Ах ты, боже, куда-то дочь запропастилась? Убредет, как худа коза, и времени для нее людского нет.
Давно ли будто хотел есть Геласий Созонтович, в животе нестерпимо сосало, и вдруг от неожиданной перебранки все подсохло внутри, спеклось, и в горле загорчило. Совсем забыл про еду, но зато выговорился, выплеснул, что толклось на сердце долгие годы, а сейчас вроде бы и дышится легче, и кровь в висках не так больно токает. Слыхал Геласий от других не раз и не два, что плетет Радюшин на него околесицу, с грязью топчет, а вот не зайдет, упырь, к старику, чтобы глаза в глаза схлестнуться, а там – как бог постановит. За версту минует избу, но если возле окон судьба несет, то шляпу набочок сдвинет, словно бы невзначай.
И вот явился впервые, как с неба свалился, и сейчас обида на Радюшина не то чтобы угасла сразу, но вроде бы покрылась пеплом, и сразу все окончательно решилось в душе Геласия. Раньше при дочерях лишь артачился, дескать, никуда из родовой избы не поеду, только на погост, но душа колебалась. А раз нынче все утвердилось, то не о чем и тревожиться, нервы тянуть. Как знать, как знать... И себе не признавался старик, но, может, хотелось ему негласного прощенья (в чем?), иль доброго слова и совместного решенья, иль поясного поклона, а тогда бы и обошлось миром: а тут на те – прискочил, как с цепи сорвался, наорал, мушиный царь, раскомандовался. Палец длинный, дак чего не командовать. Он, ишь ли, добра хочет, жалельщик. А я просил?
Потянуло на кровать вдруг – такая усталость опутала. Решил на минутку прилечь, дать отдых телу, деревянно вытянулся на тощем матраце, подсунул ладонь под сухую щеку, прикрыл глаза, и сразу где-то возле заиграли жалейки...

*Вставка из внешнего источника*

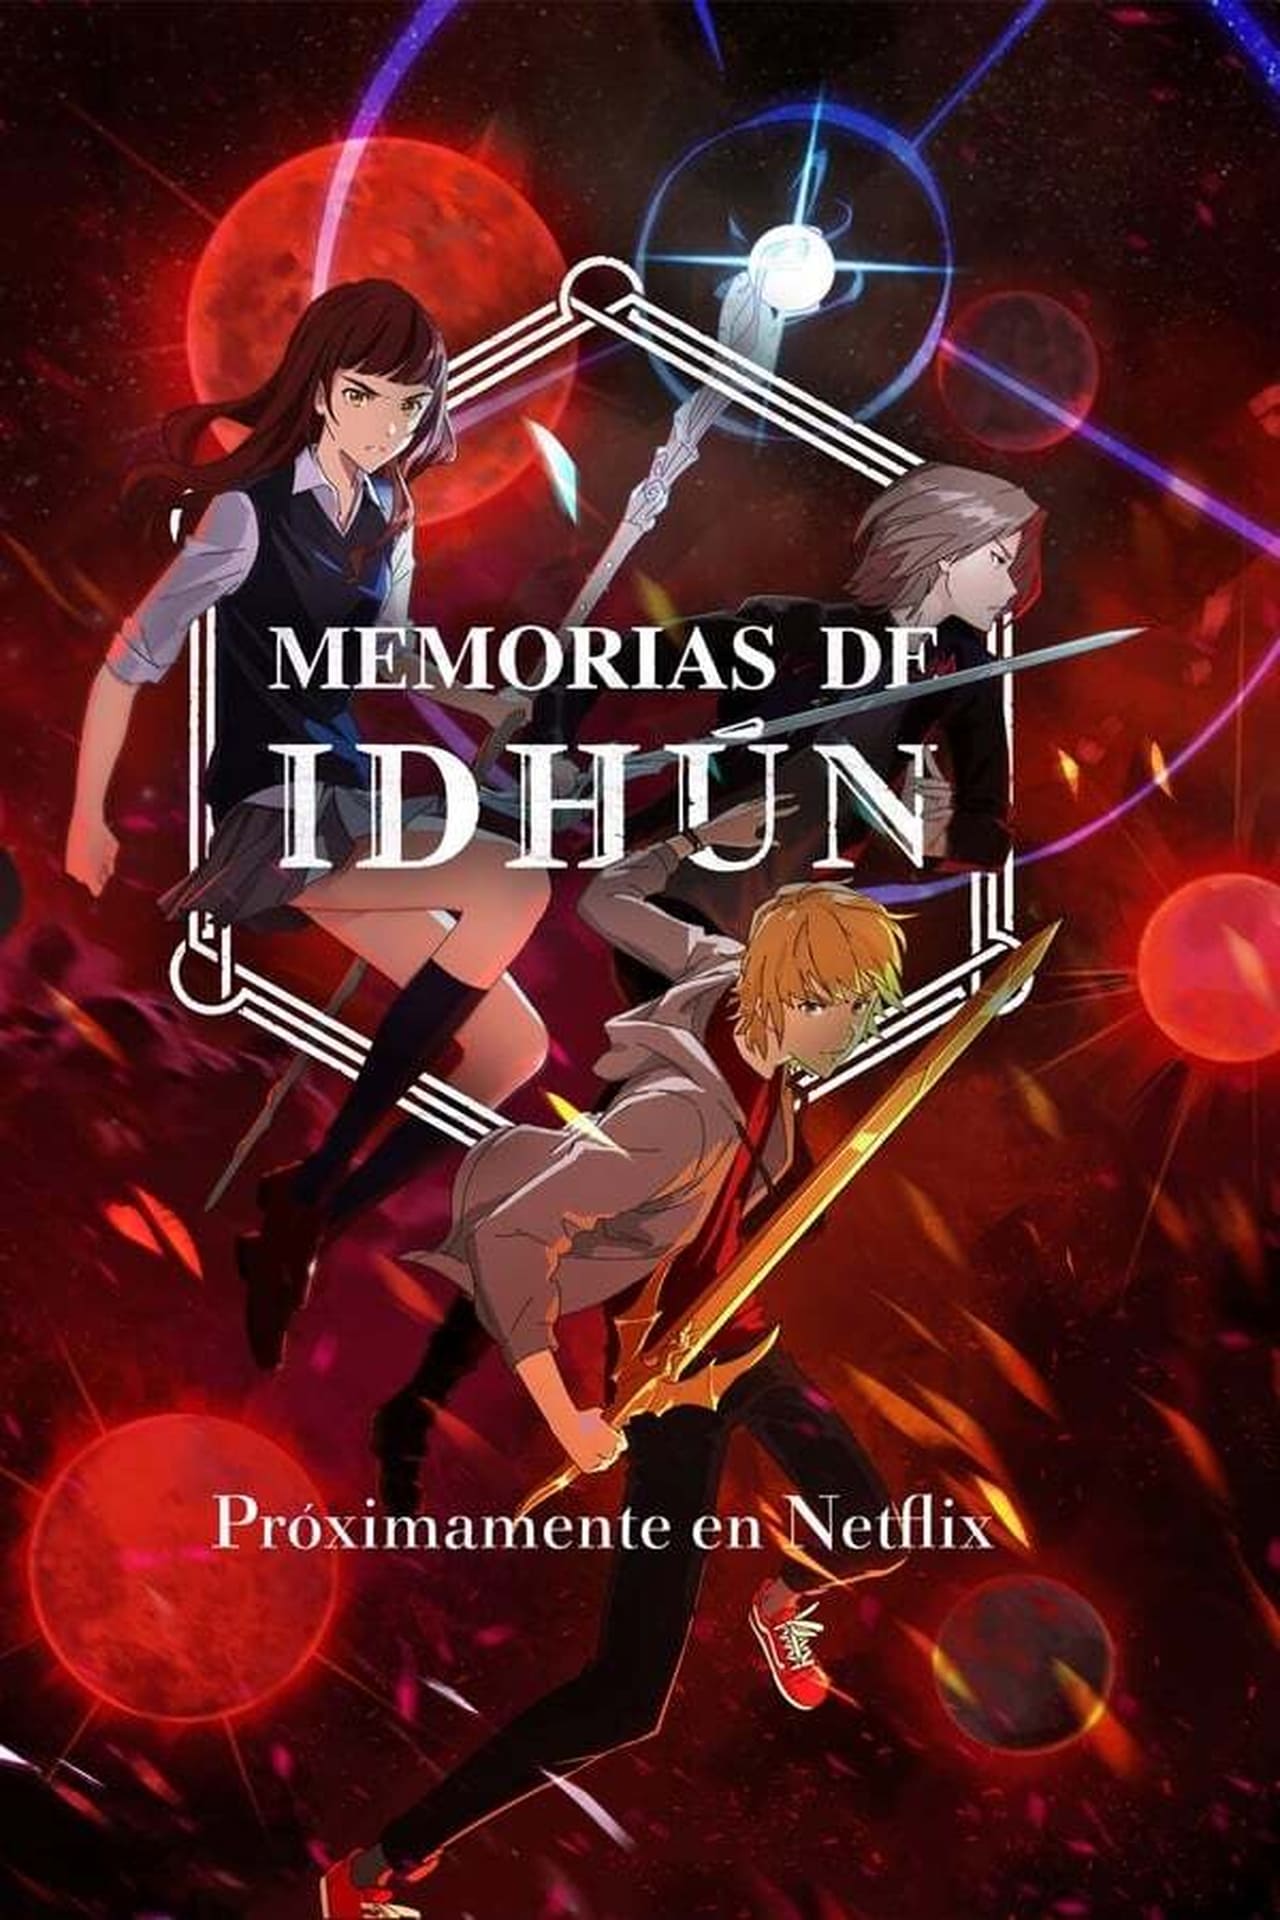 Image Memorias de Idhún

Еще что-то думалось легко и необидно, то ли в яви, то ли во сне, так незаметно забылся Геласий. И скоро жуткое видение посетило. Будто бы на берегу лодку смолит, над рекой маревит – распогодилось. На минутку выпрямился, глядь – кого-то близ воды по урезу несет: темный человек, вроде бы одна тень, камня-арешника не коснется ступней, плывет навстречу. Смутно стало на душе, ой смутно, а черный человек и шепчет вдруг: «Доноситель... Фармазону продался». – «Нет, нет...» А тут и новый голос родился: «Правду скажи... прав-ду ска-жи». Потерянно оглянулся Геласий, а перед ним невысоконький, рыжеватенький, чистенький с обличья человек в синем твердом макинтоше, под мышкой брезентовый портфель. Смотрит пронзительно из-под сивых бровок, и холодом из той глуби тянет. «Я следователь... я следователь», – улыбаясь, наговаривает, а у Геласия язык во рту комом, и не знает мужик, на кого поначалу смотреть, с кем объясниться, чтобы по-людски вышло, не обидно. Но и не понять ему, не взять в разум, кто на кого донес, кто кого предал?! И будто бы наперед известно ему, как опутают смутными словами, а после поведут по этапу и далее, на работы, рыть канал, и Полюшка на коленях за ним поползет, цепляясь за брючину. Где грех его и велик ли? Поведайте, люди добрые, и сымите тягость. Не до-но-ситель я, не предавался Фармазону. Гляньте в лицо мое и душу мою, есть ли там царапыши от когтей диавола. Дайте спокою, спокою дайте... И внезапно в самую поясницу тот, темный и неузнанный, ударил сзади ножом, и кровь на волю кнутом хлестнула. Упал Геласий на карачки, мычит, силится встать – и не может. Розовый от солнца угор плывет навстречу, слепит глаза и ускользает из рук. И откуда-то Полюшка явилась, шепчет со слезой: «Ты подымись, любимый, волю настрополи. Все обойдется, все обойдется». И будто бы поставила на ноги и ведет в избу, а кровь все хлещет и хлещет, и рудяный ручей уж мчит с угора в тревожно розовеющую реку. Подумалось еще: велик ли человек, а сколь крови в нем. И длинно с надрывом вскричал, переполненный болью и смертной тоской.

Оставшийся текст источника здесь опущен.